In trials on mouse fibroblast cells and 300-micron-thick sections of mouse brain, the Caltech team confirmed that this effectively enhanced the MIR imaging resolution by at least one order of magnitude, improving it from approximately the value of the MIR wavelength to that of the UV wavelength.
Since water has an extremely low absorption coefficient in the UV region of 200 to 230 nanometers, this approach also serves to suppress the water background from MIR absorption in fresh biological samples.
"To our knowledge, among the existing far-field MIR imaging approaches, ULM-PAM has achieved the highest imaging resolution at 250 nanometers, which can be further improved by using a higher-NA objective lens and a shorter ultraviolet wavelength," said the team in its paper. "In addition, ULM-PAM can potentially bridge the resolution gap from 100 to 400 nanometers between existing MIR modalities."

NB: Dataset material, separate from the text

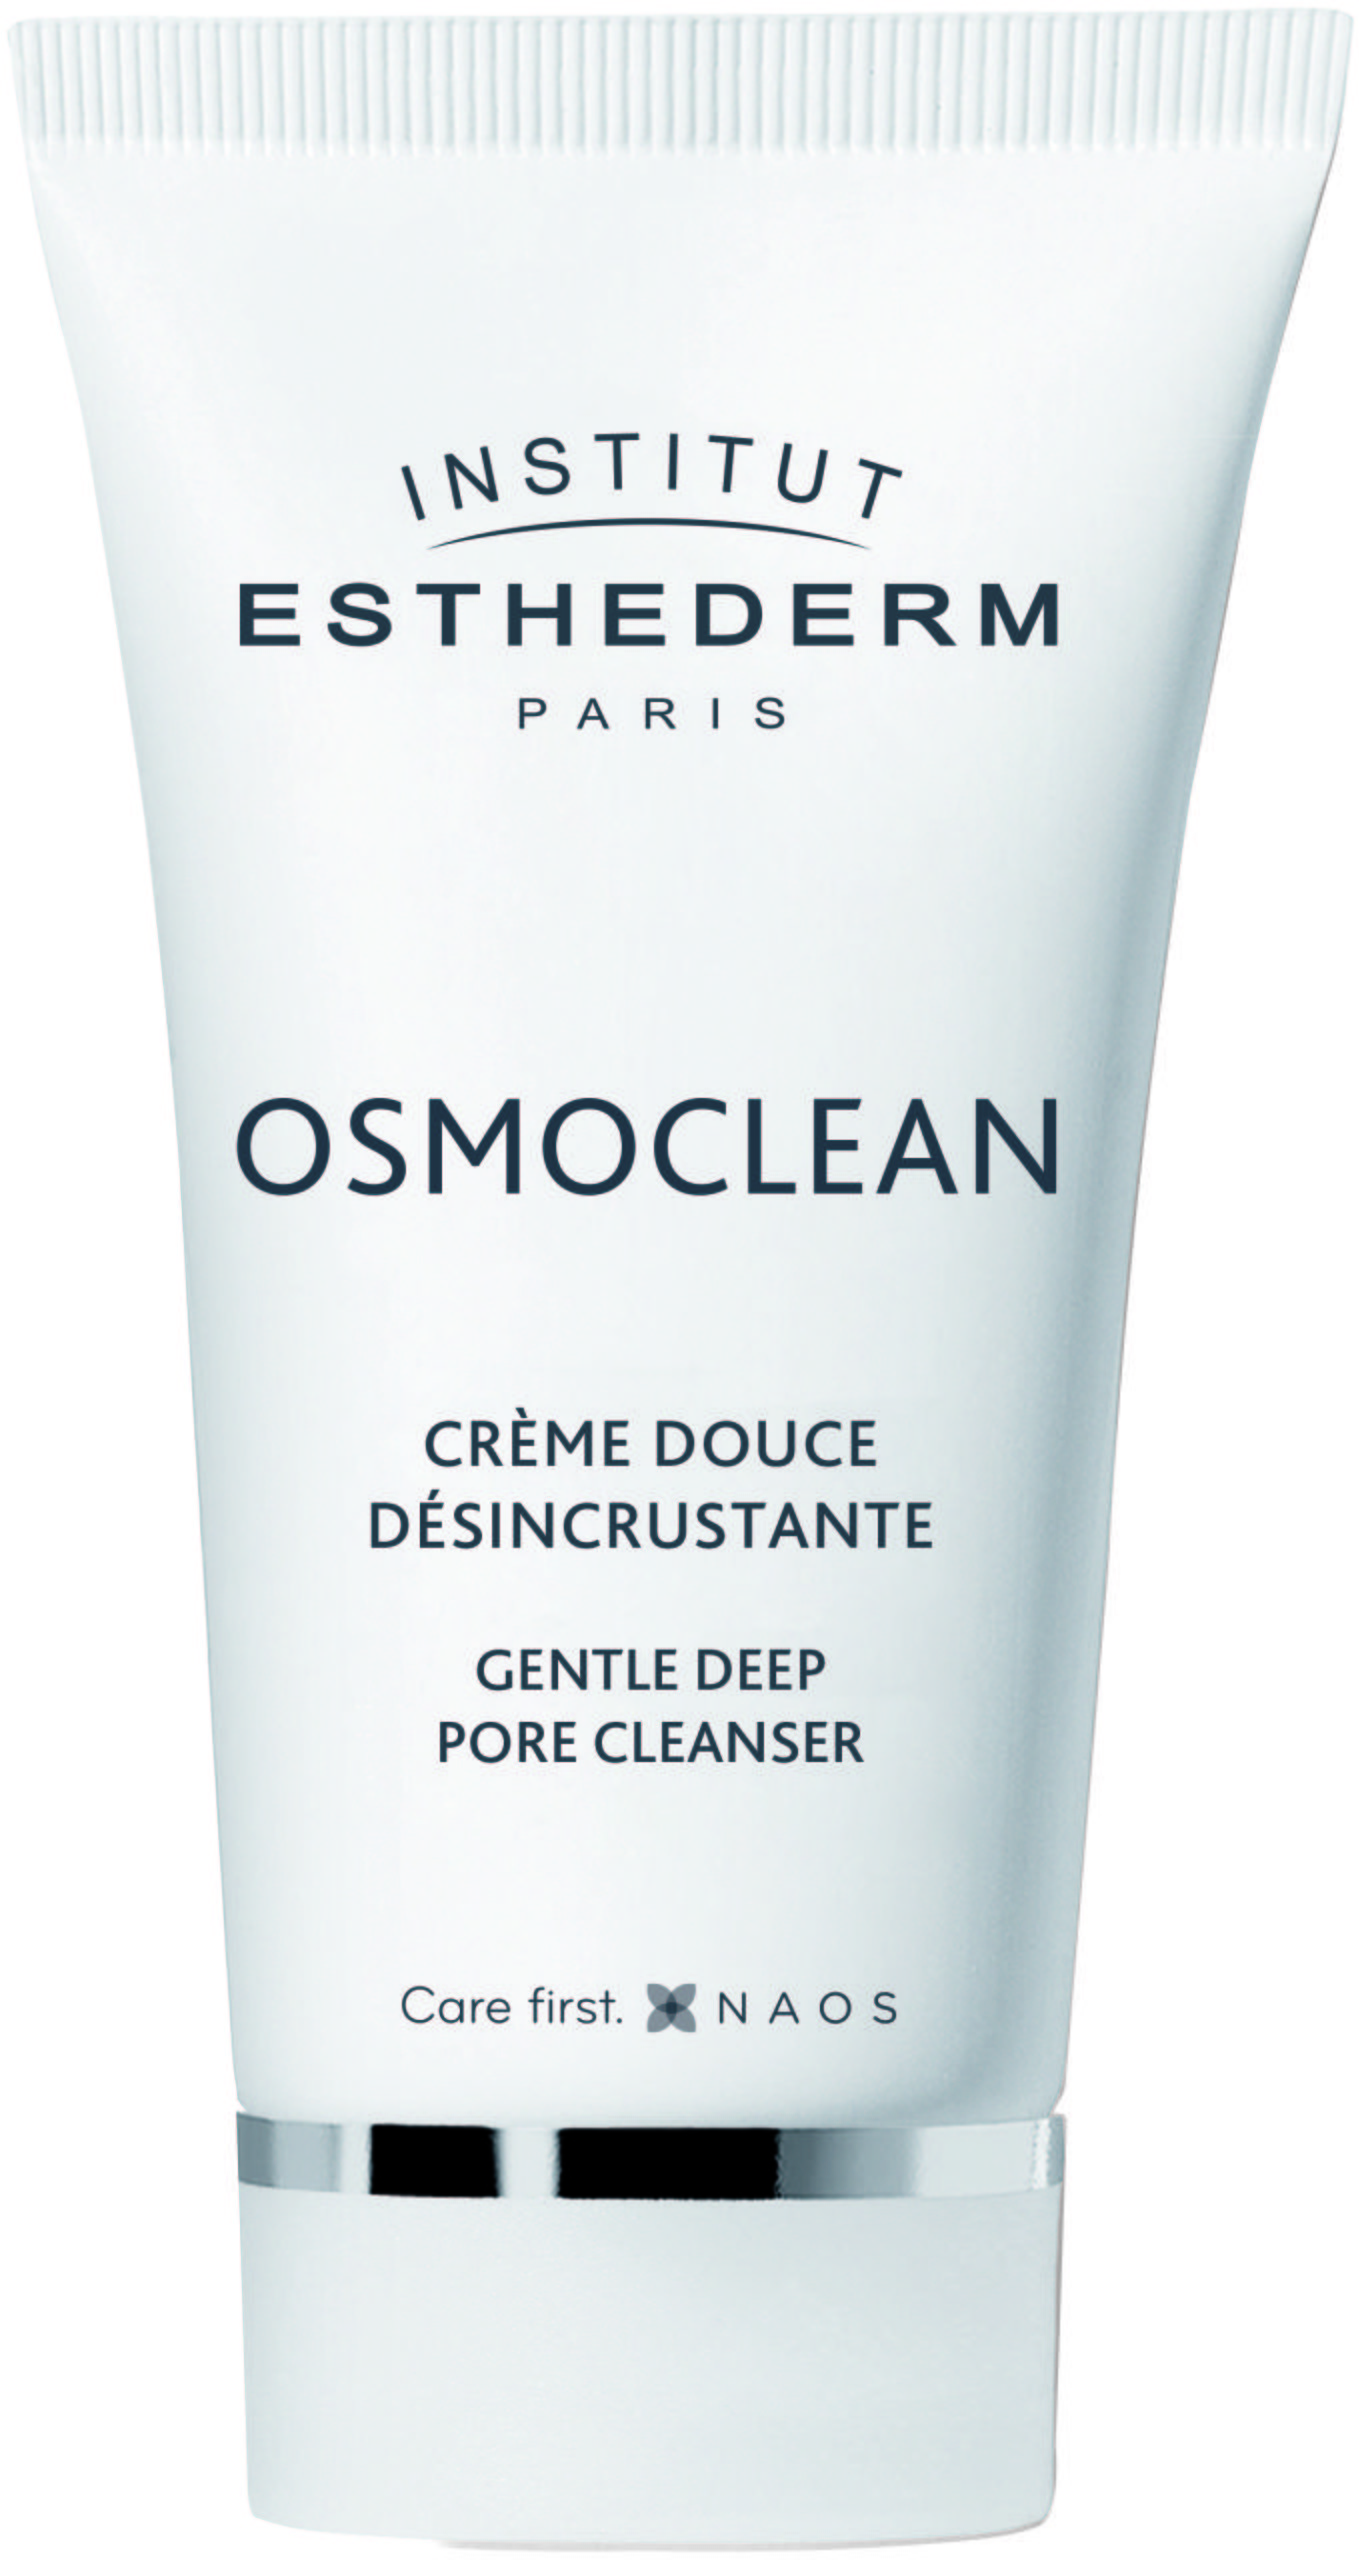 INSTITUT ESTHEDERM- OSMOCLEAN GENTLE DEEP PORE CLEANSER

Further work by the team will be aimed at issues such as the noise inherently introduced by the use of two non-identical UV pulses, and the way that imaging speed is potentially restricted by the pulse repetition rates of the lasers.
Wang believes, however, that the technique will prove valuable for the imaging of a number of different biological specimens, and ultimately could achieve nanoscale far-field chemical imaging by extending the wavelength of the probe beam to the X-ray regime.
"I want to move this to in vivo, and I want to use this to image cancer cells during surgery," he said. "That would be the dream."